Rachev E, Katsarova M, Trepechov S

出版信息

Akush Ginekol (Sofiia). 1989;28(3):78-81.

PMID:2802089
Abstract

Clinical and laboratory study was carried out on 28 women, aged 47,80 years on the average, with uterine bleedings during the premenopausal phase of climacterium and accompanying neurovegetative climacteric symptoms. A cyclic preparation, containing 2 mg of estradiol-17 valerate in the first 11 tablets and the same dose of estrogen with supplement of 0.5 mg of norgestrel in the following 10 tablets was used for a period of 3 months(84 cycles in all). The preparation eliminated efficiently climacteric symptoms in addition to its assurance provision of stable clinical characteristic of succeeding pseudomenstrual symptoms cycles. The preparation did not induce increased thrombogenic risk, because the basic hemostatic indices before and after treatment were not changed.

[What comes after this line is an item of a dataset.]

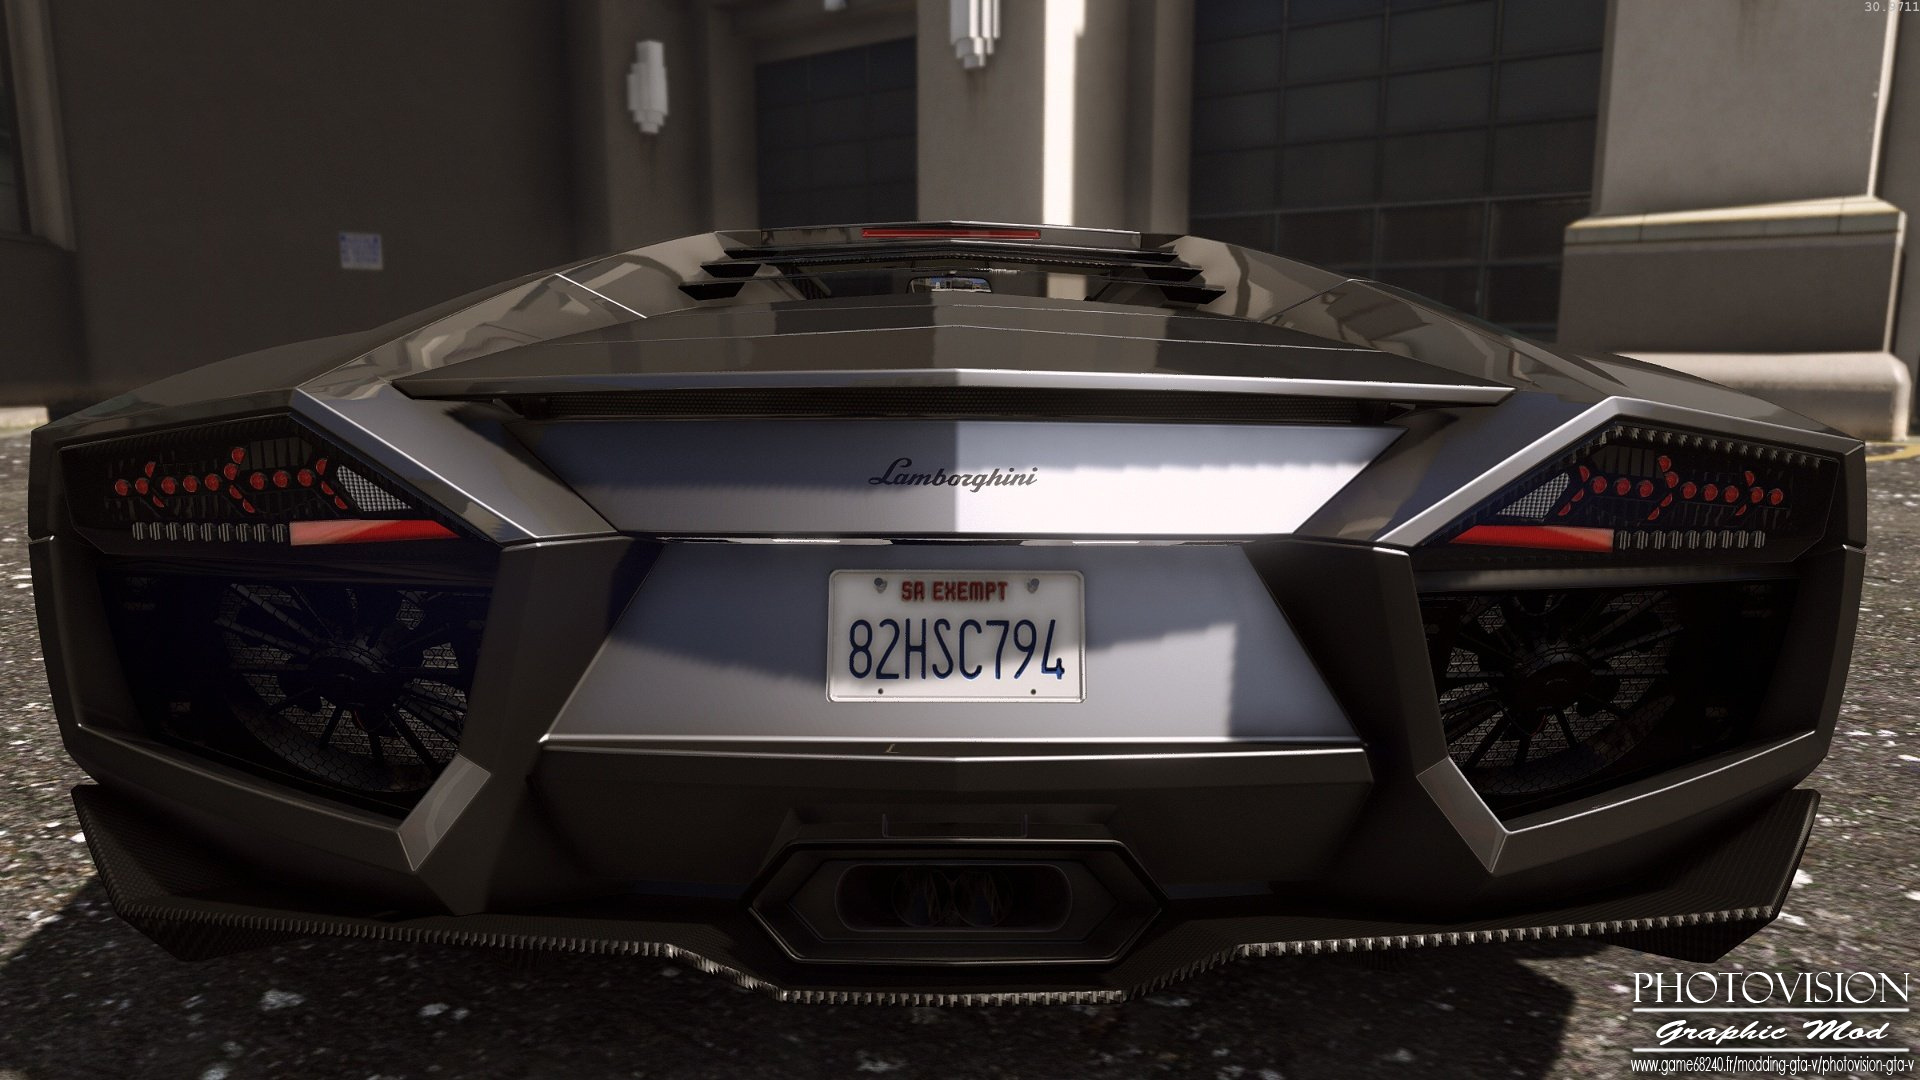 85d8c3 14 - Lamborghini Reventon

Lipid profile was not altered substantially as there was a favourable tendency to its occurrence in antiatherogenic direction (a reduction of LDL- and VLDL-cholesterol).

摘要

对平均年龄47至80岁、处于更年期绝经前阶段且伴有子宫出血及神经植物性更年期症状的28名女性进行了临床和实验室研究。使用一种周期制剂,前11片含2毫克戊酸雌二醇-17,后10片含相同剂量雌激素并补充0.5毫克炔诺孕酮,为期3个月(共84个周期)。该制剂有效消除了更年期症状,此外还确保了后续假月经症状周期的稳定临床特征。该制剂未引发血栓形成风险增加,因为治疗前后的基本止血指标未改变。血脂谱也未发生实质性改变,因为其出现有朝着抗动脉粥样硬化方向发展的有利趋势(低密度脂蛋白和极低密度脂蛋白胆固醇降低)。